If the urls in a page's links are all root-relative [that is they all begin with a slash] then plugging just in the domain name on every page for a base href seems to work well. The troubles come in with completely relative urls that occur within a sub-directory
Let's look at what happens if you have a document at this address:
http://www.example.com/directory/page1.htm
If a link on that page points to page2.htm then the intended full address of such a target page is:
http://www.example.com/directory/page2.htm
But if you set the base href to be http://www.example.com/, then you are telling the spider to go to:
http://www.example.com/page2.htm. See what happened? The directory name got dropped from the url, and that means that the link breaks!
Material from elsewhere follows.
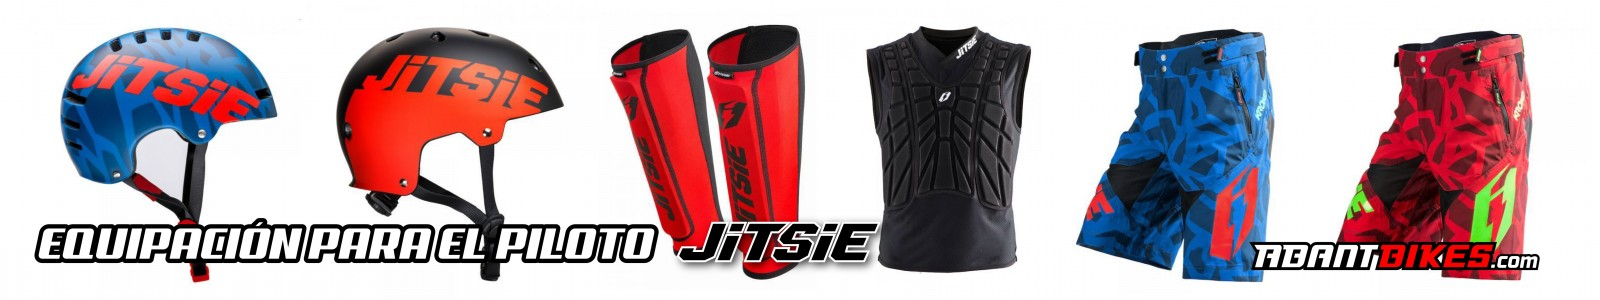 ofertas-descuentos-especiales-promocion-casco-ropa-jitsie

For this reason, the best practice for a base element is to make the href point to the full absolute url of the page itself. The W3C examples show this expicitly.
[w3.org...]
Second best would be pointing the base element's href attribute to the absolute url of the directory where the page lives, rather than just the domain root.
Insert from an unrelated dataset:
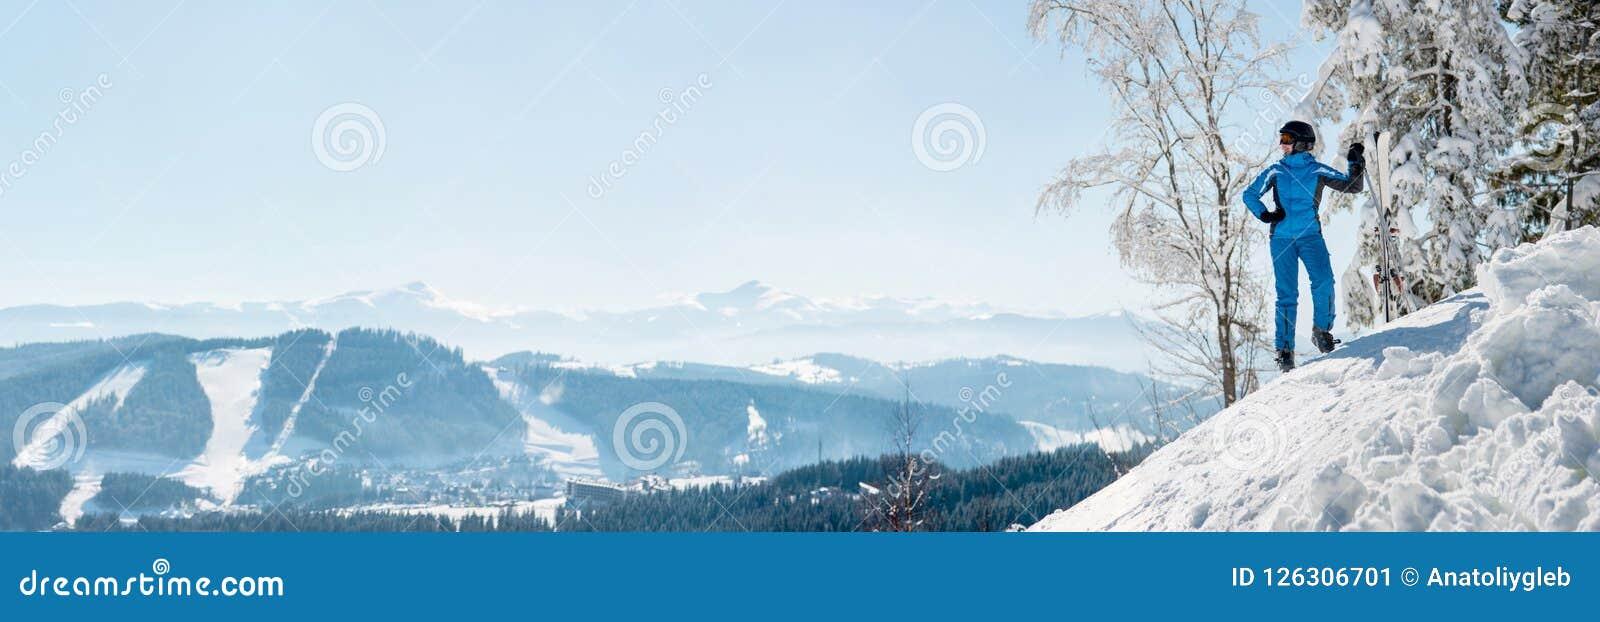 休息在山顶部的一个女性滑雪者的全景射击观察自然在滑雪胜地

My question was really about whether, when the base href has a trailing slash, it matters if paths to other resources (whether they be pages, images, stylesheets, etc) begin with a forward slash or not.
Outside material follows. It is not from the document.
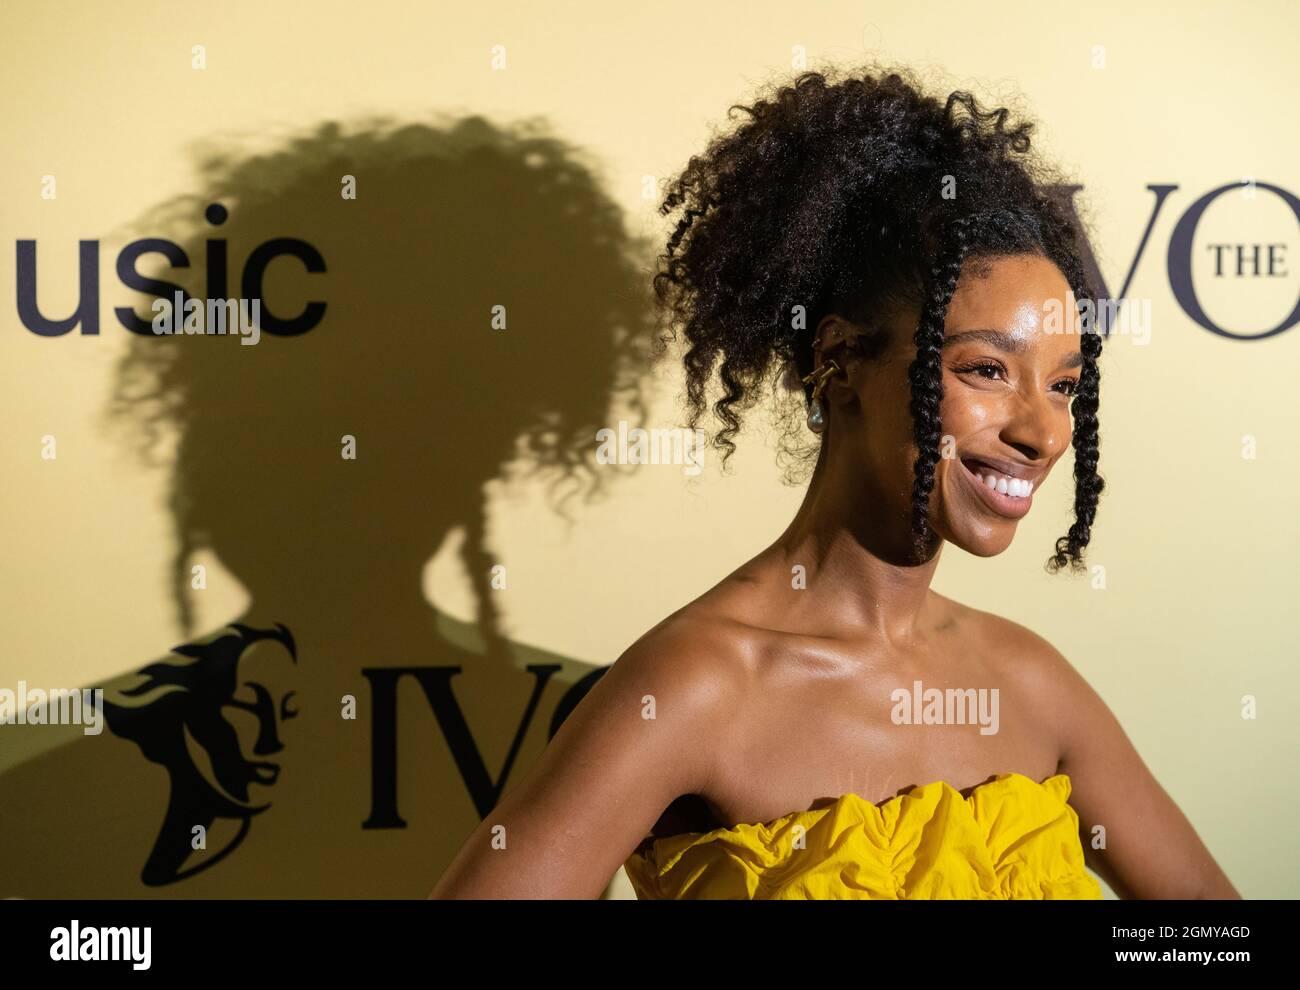 Lianne la Havas arriva al premio annuale Ivor Novello Songwriting Awards presso la Grosvenor House di Londra. Data foto: Martedì 21 settembre 2021. Foto Stock

Relating to this, if everything works fine in the browser, does it follow that everything must be working fine for search engine crawlers?
<a href="/page.htm">page</a>
... beginning with a forward slash, would the correct use of base href be:
<base href="http://www.domain.com" />
... with no trailing slash on the URL? Otherwise it seems to me that there would be two forward slashes in the path to page.htm. But what about an index page in a subfolder linking to another page:
<a href="/anotherfolder/anotherpage.htm">anotherpage</a>
from a page containing:
<base href="http://www.domain.com/folder/" /> (there has to be the trailing slash here)
... has the two forward slashes in the path.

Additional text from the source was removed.